I find the Dutch government’s directive that prevents me from modifying my body on my own terms oppressive and senseless. It’s not like these drugs are being used for the purpose they were synthesized for. Also, due to a lack of funding for trans medical studies, there is little general knowledge of how they affect the body longterm. So why be such a prohibitionist? Injections are something of a standard option in many countries. I am not sure what the Dutch medical system (VUmc) is getting at. I’ll be sure to ask if they ever agree to see me. But, if I am going to be a slave to global pharmaceutical capitalism, I want to go against the grain, do it on my own terms. That’s why I occasionally double-dip, augmenting my injections with my leftover stash of patches. It also gives me a little “fuck you” feeling.

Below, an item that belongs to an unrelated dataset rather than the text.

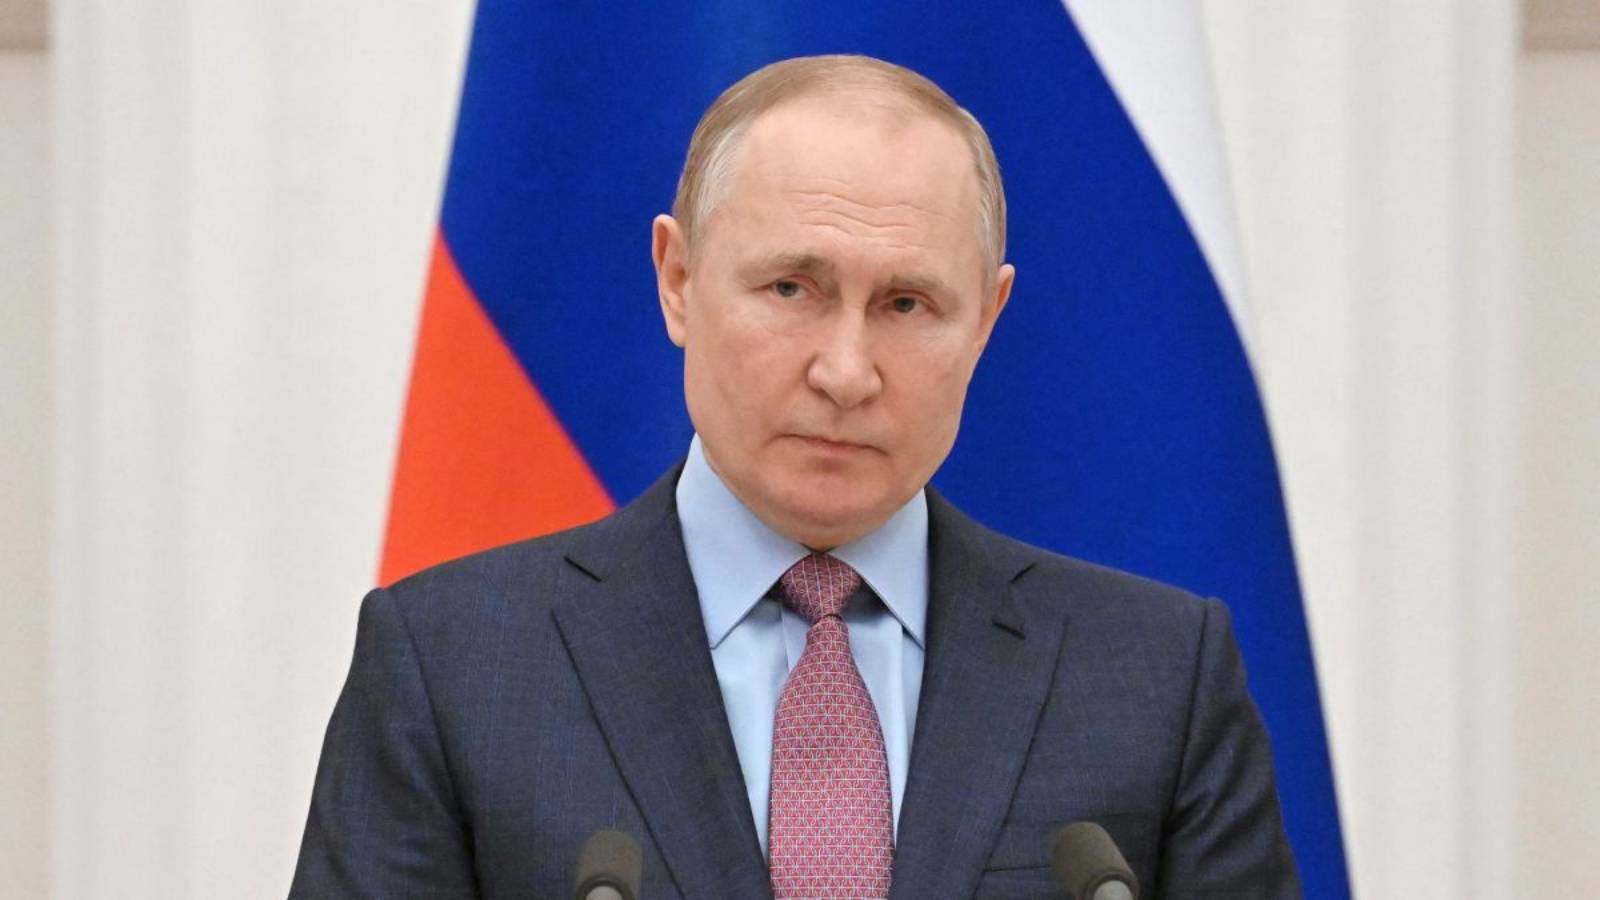 Le sanzioni di Vladimir Putin generano problemi colossali nel settore IT

I like that.
I’ve long been a captive of the pharmaceutical industry: SSRIs at nine, antipsychotics at 13, and benzos for insomnia from at least ten years-old. By the time of my first institutionalization in a mental hospital, I felt my body had been totally violated by medicines and my parents/doctors who pushed/prescribed them (sorry mom). So, at the first stirring of agency, as a teen, I started to throw up my SSRIs. My parents found out and I was institutionalized to regulate them. But now, as an adult of sorts, I microdose them and use them off-label to deal with neurological damage. I can’t take benzos after my bought of the bends — having relied on them as anti-vertigo agents for a year left my body dependent. But I used to use them with red wine to knock me out, or in lieu of a better high. Then there was weed to deal with the night terrors from the SSRIs. There were dalliances with oxycodone to deal with my sense of existential dread. Hallucinogens to overhaul my overworked synapses. And amphetamines for fun and to make me skinny again after the antidepressants made me fat. My gender, brain, sex, and body are an assemblage of medical interventions. So who is the VUmc to say I can’t inject my estrogen? But, such is life. I am beholden to the system — perhaps created by it. But I am going to continue to be creatively maladjusted in my approach to medicine. It’s the only way I can make sense of a body that is so far from natural that it is practically synthetic on the molecular level. And that’s good, I’d rather be a cyborg than a goddess. I just want to be an autonomous agent and not a drone.